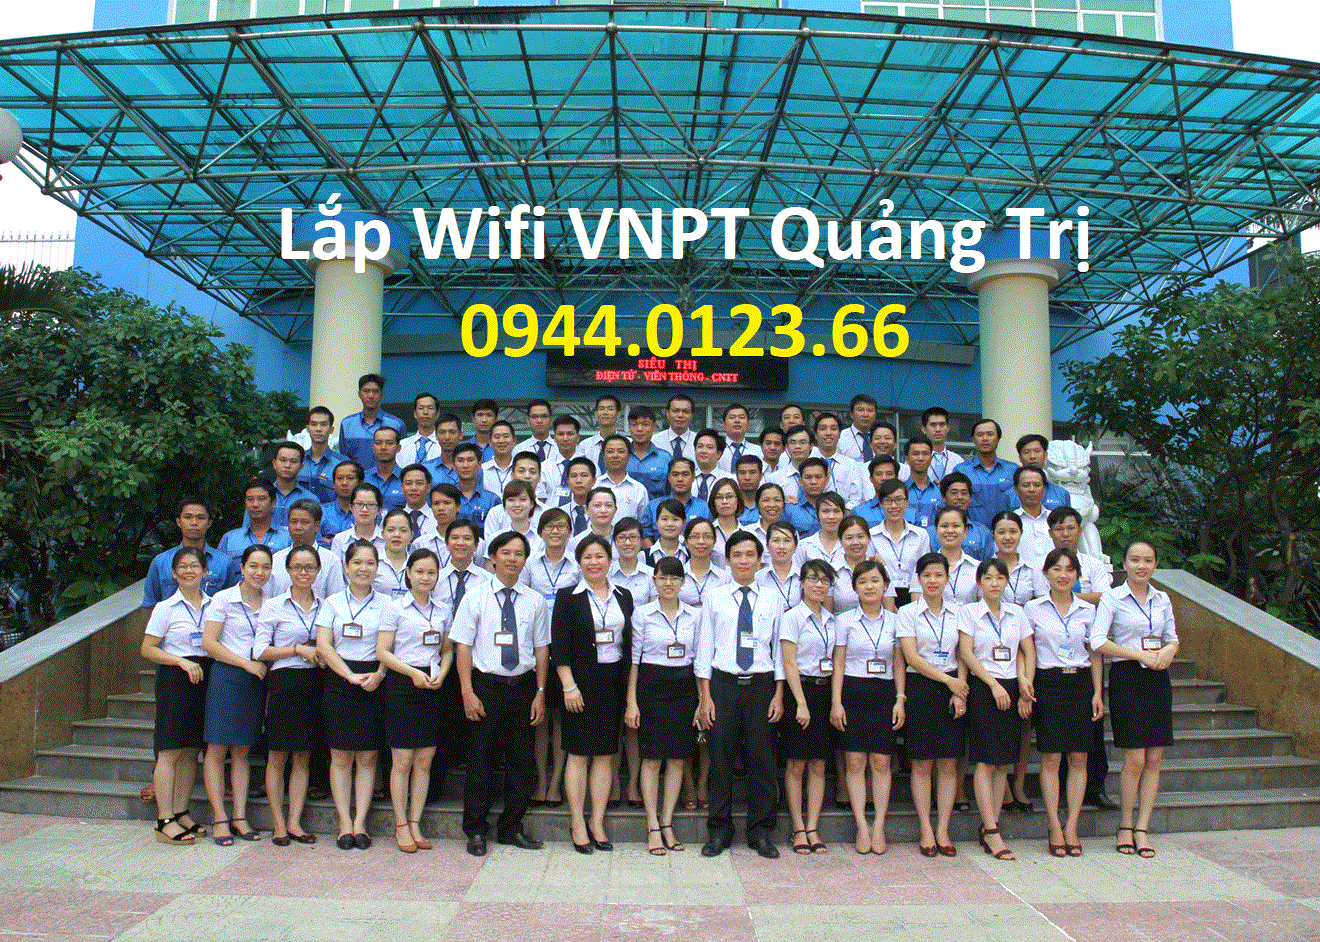 Lap Mang Vnpt Quang Tri, lắp mạng vnpt quảng trị, lắp wifi vnpt quảng trị, lắp internet vnpt quảng trị
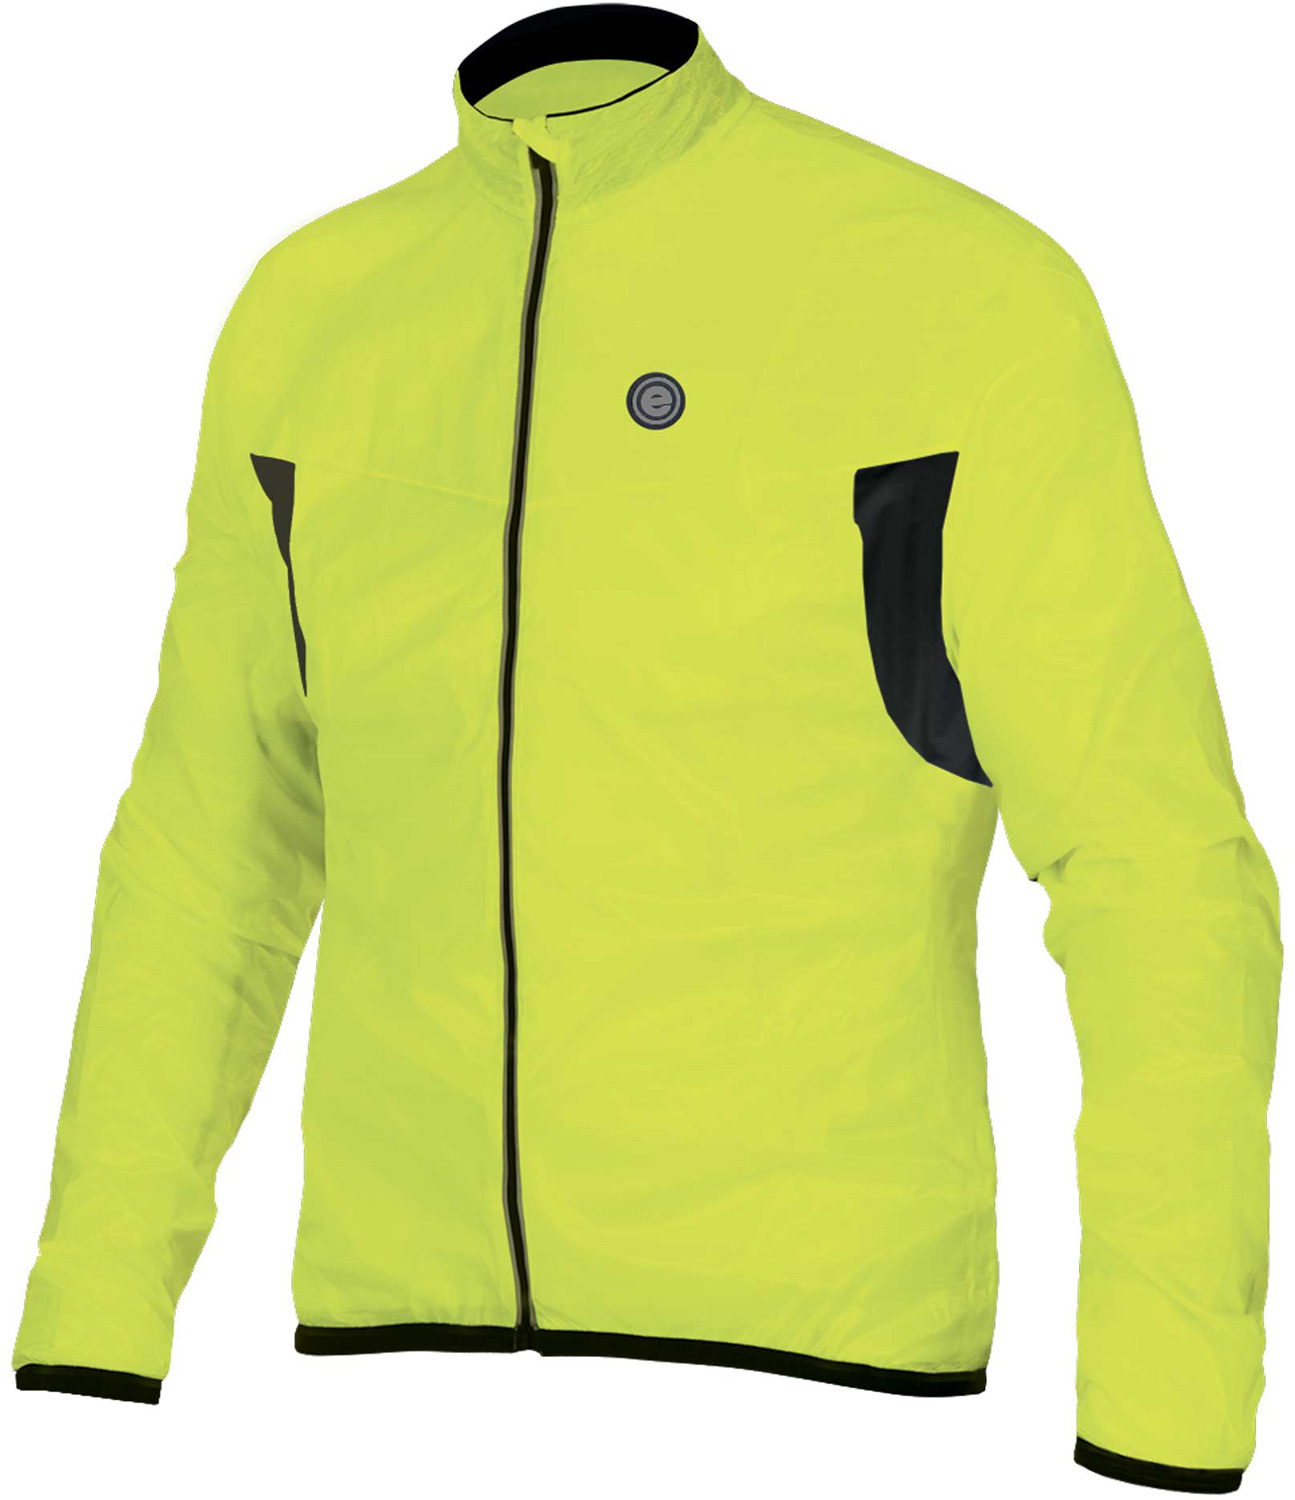 Cycling jacket
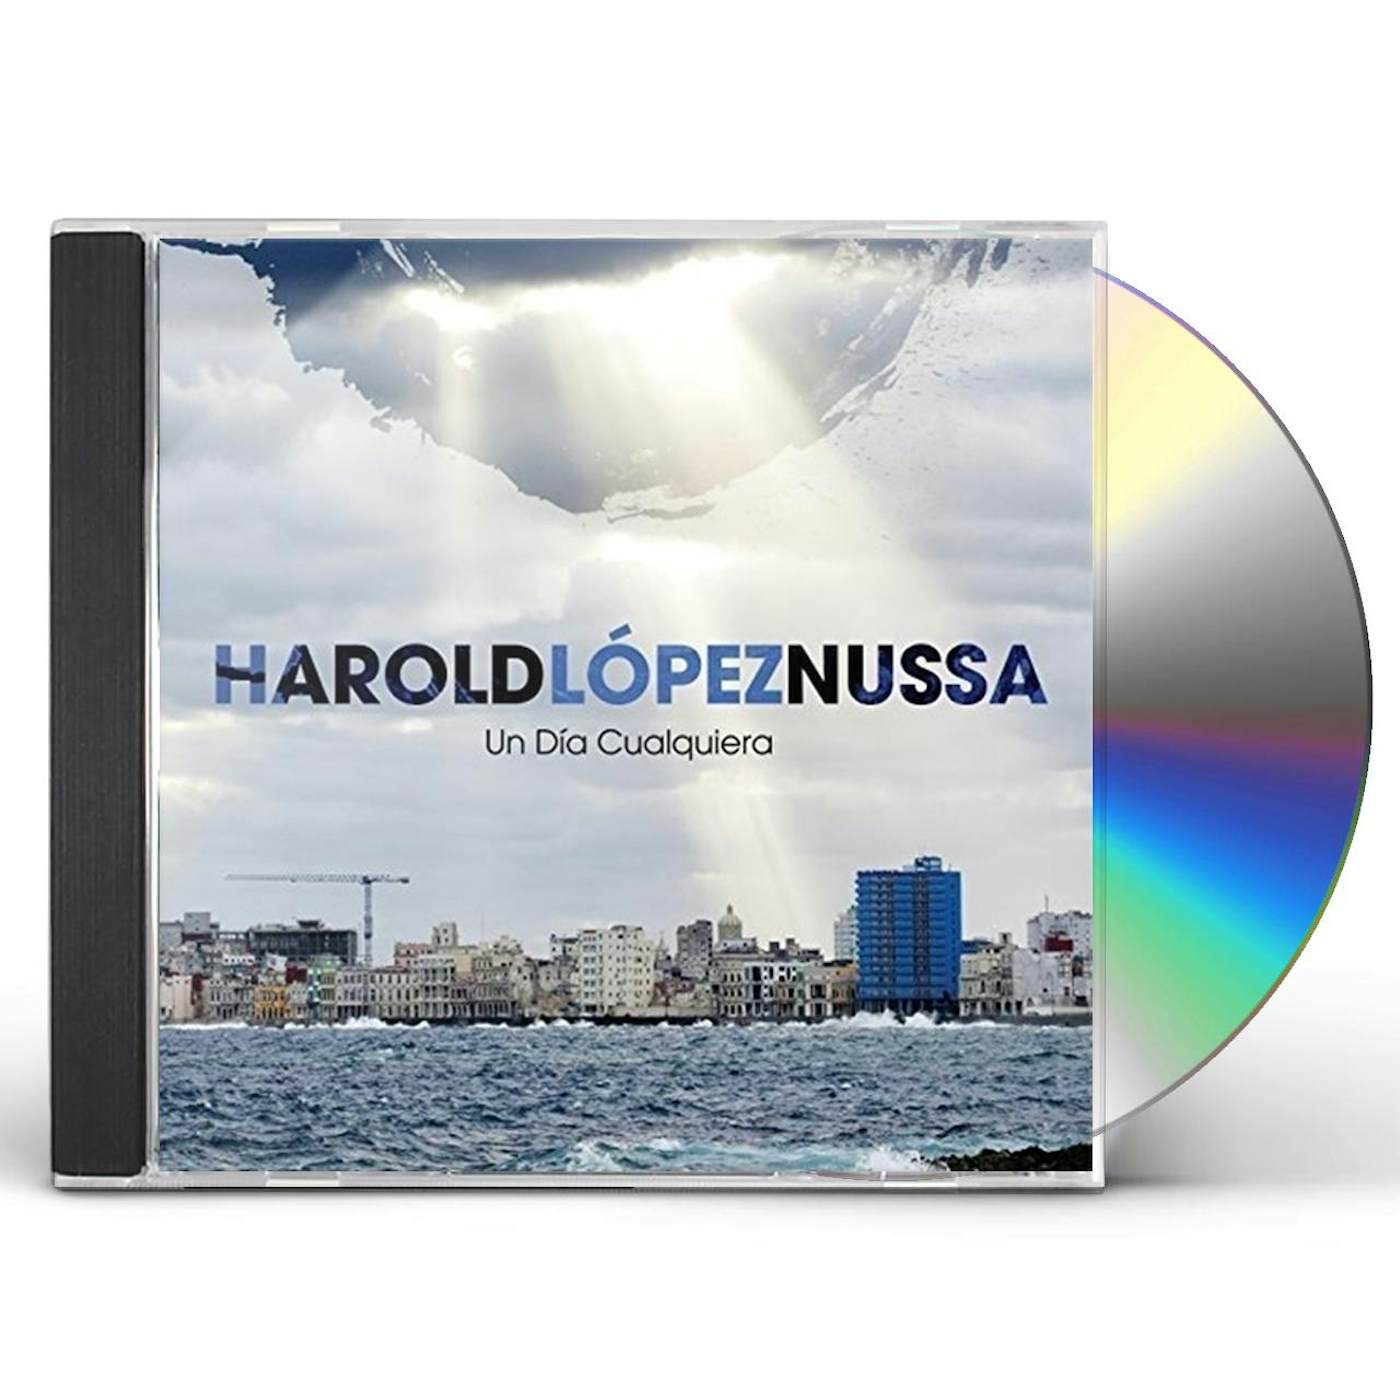 Harold Lopez Nussa UN DIA CUALQUIERA CD

» **What is needed**
Each line of the material goes into your copy unchanged, but no picture does.

» **Response area**
 Lap Mang Vnpt Quang Tri, lắp mạng vnpt quảng trị, lắp wifi vnpt quảng trị, lắp internet vnpt quảng trị
 Cycling jacket
 Harold Lopez Nussa UN DIA CUALQUIERA CD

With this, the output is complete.